Tuesday, October 11

There Used to Become a Baseball Skills Competition Using The Home Run Derby, Plus it Should Exist Again.

Barry Larkin ruined everything.

Fans with the 1990 A’s are already able to state this for many years. Now it’s our MLB The Show 18 Stubs turn. Back in 1989, Major League Baseball held a skills competition that went past the Home Run Derby. There were catchers. There were relay throws. There were, obviously, dingers. There’s no video — it’s feasible for it wasn’t even televised — but we all do have archeological evidence it existed.

Pena scored 21 points by throwing three balls by using a target and showing up in target six times. Santiago tossed four over the hole striking the target six in other cases. Steinbach and Tettleton were capable of throw the ball throughout the MLB 18 Stubs target only one time between them.

If we’re being completely honest, this version on the skills competition seems like a bit of a snooze. I’m all for catchers winging baseballs by way of a tiny hole at second base, even so the rest on the competition featured a relay-throw event and a great hit derby that had been suspiciously bereft of home runs. Eric Davis hit three home runs and led the derby. Bo Jackson hit one. And never during my life have I wanted baseball’s best relay-throwers to get a relay-throw match in relay-throw thunderdome.

But it existed. And Barry Larkin ruined it.

Baseball did use a skills competition. Larkin was taking part in it for the 1989 All-Star Game in Anaheim. He made a throw and his awesome elbow went.

”I heard a pop off inside the distance just like a gun shot had opted off,” Larkin said. “I was like something is taking here. Then I realized it absolutely was my elbow. That wasn’t good.”
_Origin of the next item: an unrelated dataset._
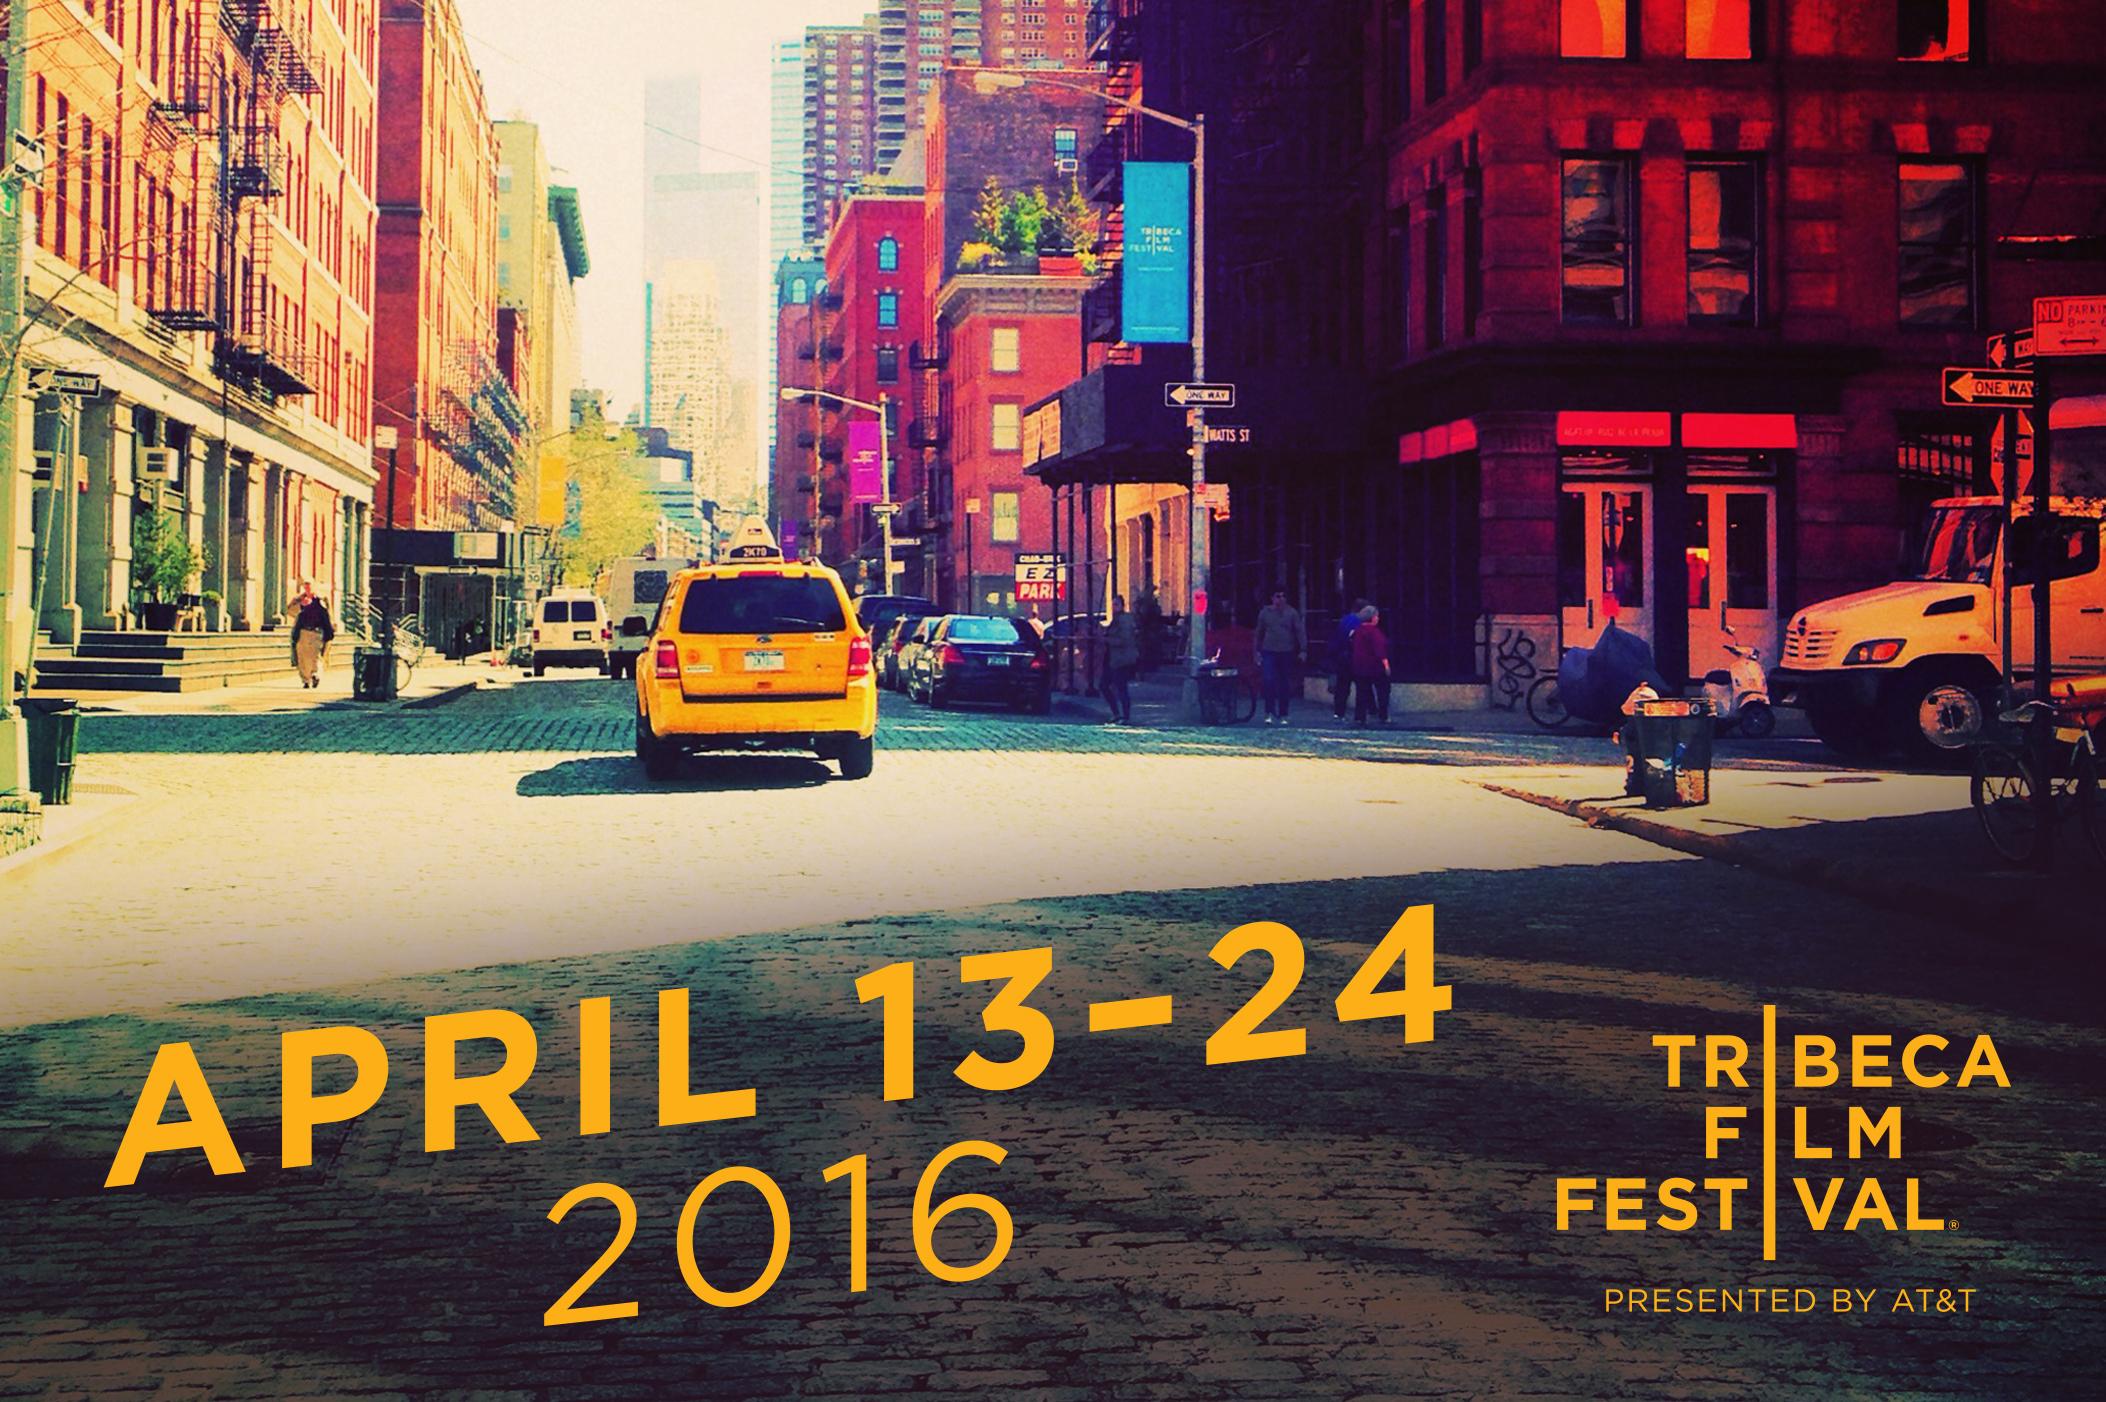 The 15th Tribeca Film Festival

Larkin was building a relay throw. The correlation is apparent. Player makes relay toss in relay-throw thunderdome; player gets hurt; relay-throw thunderdome is responsible for that injury. Skills competitors are cancelled. Intern accountable for it is release.

Except, that’s not how elbow injuries work. It’s not ONE BIG THROW that does elbows in. It’s a cumulative injury that builds on top of throw after throw after throw. Remember how Jose Canseco’s pitching outing was blamed for his Tommy John surgery? Wasn’t true.

The report from Dr. Jobe took some in the heat off.

He explained until this was a progressive injury, a tear which was becoming greater after some time and probably had begun the year before. Jose’s full-fan performance from the bullpen may have enhanced it, therefore the throw from your outfield finally blew your elbow.

The skills competition didn’t help Larkin’s elbow. It was the proverbial straw. But it didn’t make the injury. If you take the healthiest an affiliate baseball right this moment, someone which has a ligament of steel, they aren’t planning to blow up their elbow with one fluky throw. If it wasn’t that hot July evening, it might are already an infield practice that following month. Or maybe in September.